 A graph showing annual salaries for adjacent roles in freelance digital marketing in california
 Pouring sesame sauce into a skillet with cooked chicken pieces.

--

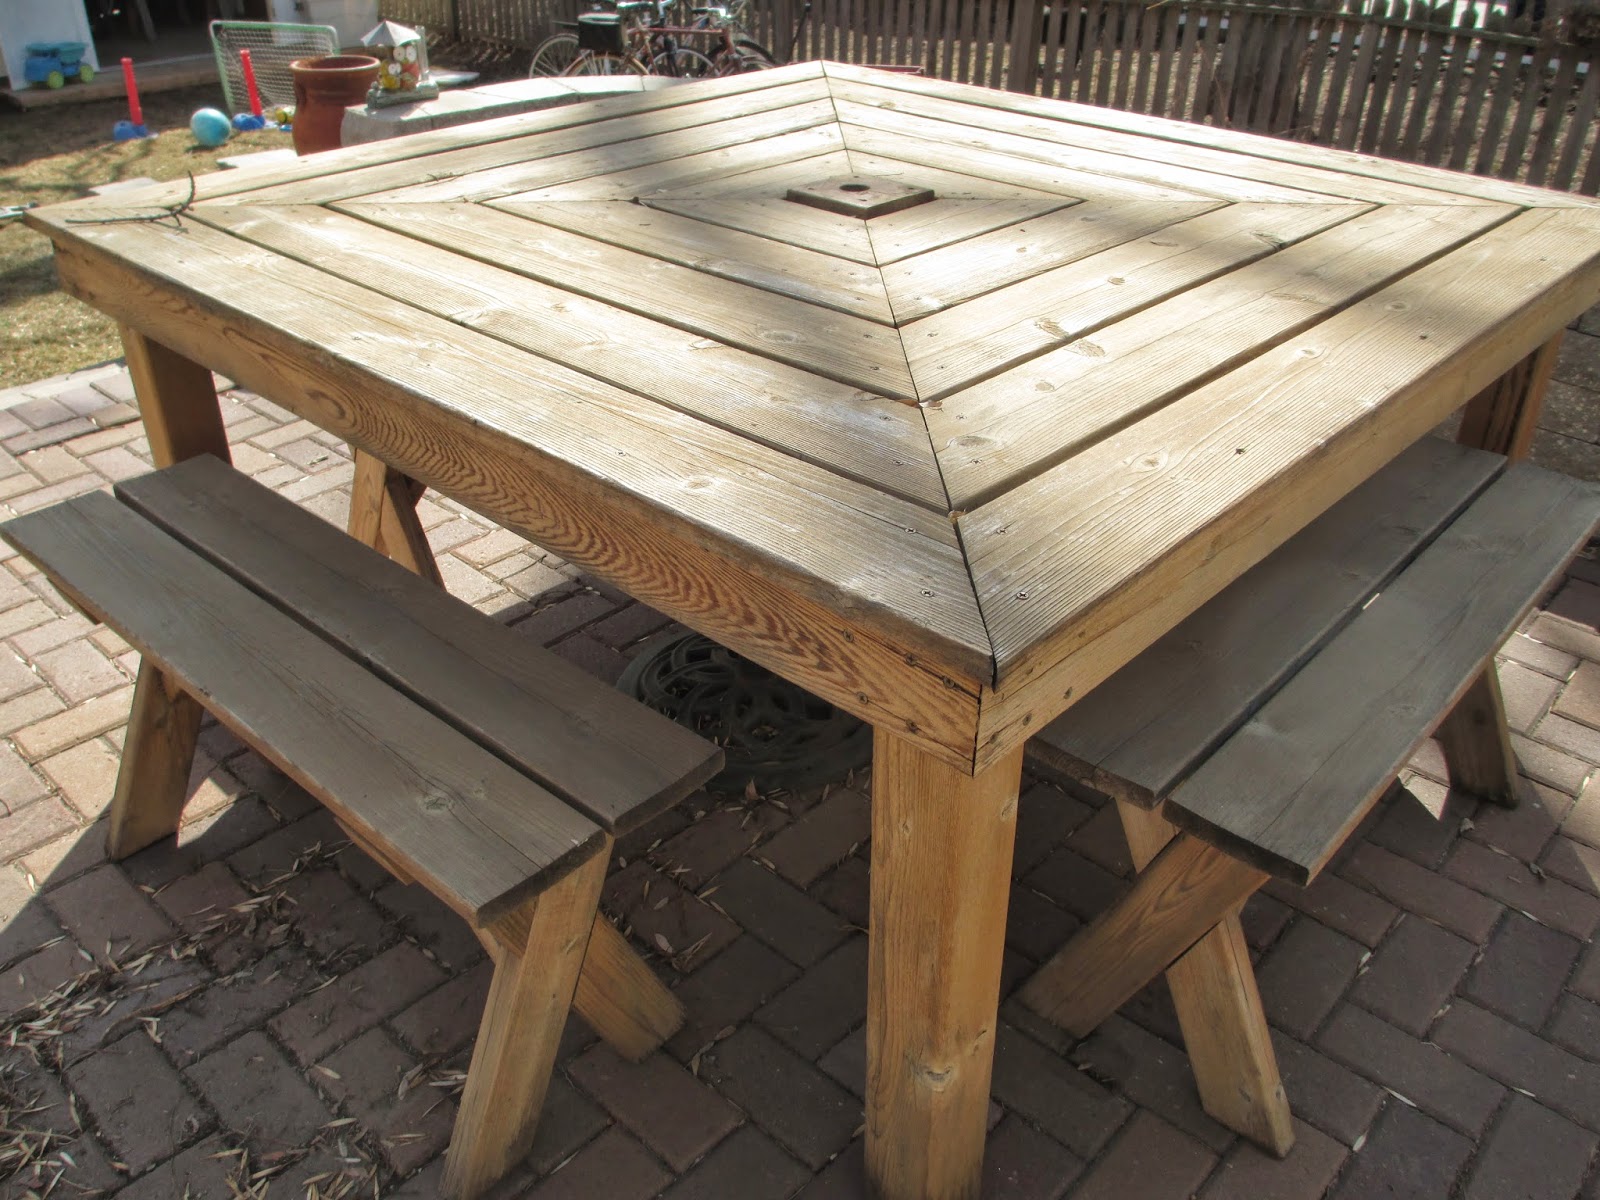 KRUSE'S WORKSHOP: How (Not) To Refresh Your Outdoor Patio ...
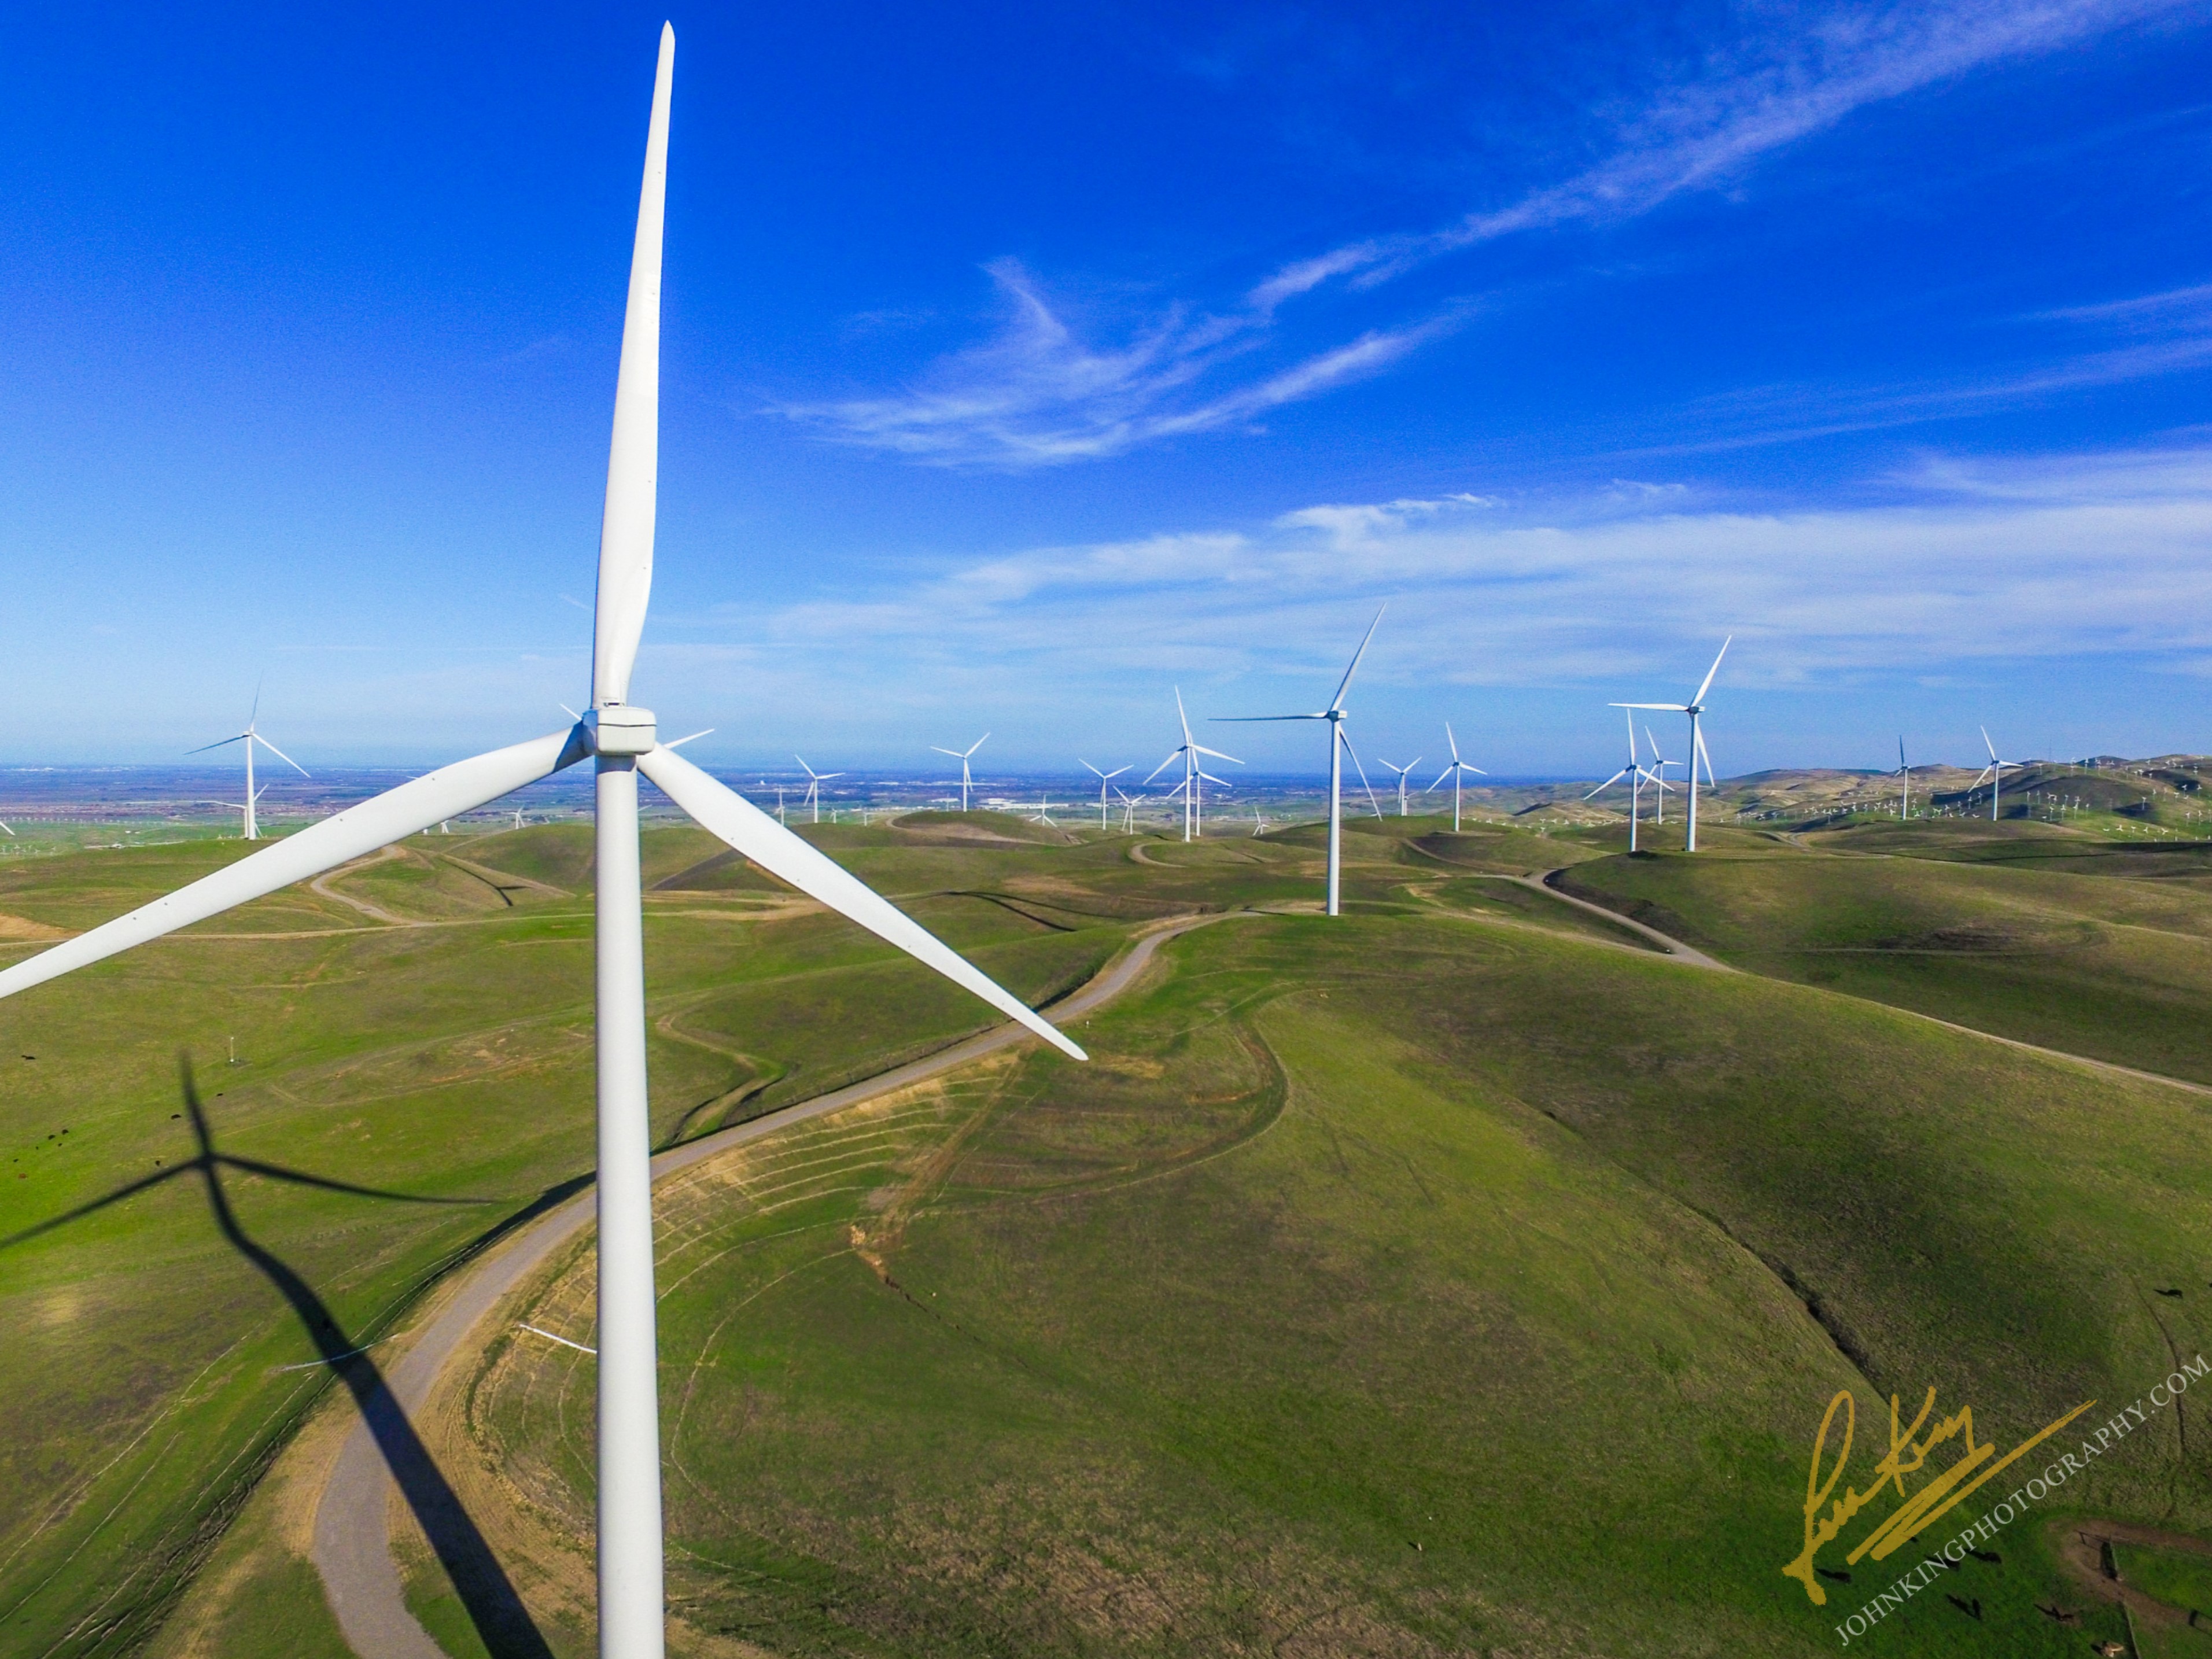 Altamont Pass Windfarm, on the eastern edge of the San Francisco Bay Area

▶ [Activity]
Your task is to retype the entries verbatim, starting with the line that holds "A graph showing" and stopping after the line that holds "Pouring sesame sauce".

▶ [Your solution]
 A graph showing annual salaries for adjacent roles in freelance digital marketing in california
 Pouring sesame sauce into a skillet with cooked chicken pieces.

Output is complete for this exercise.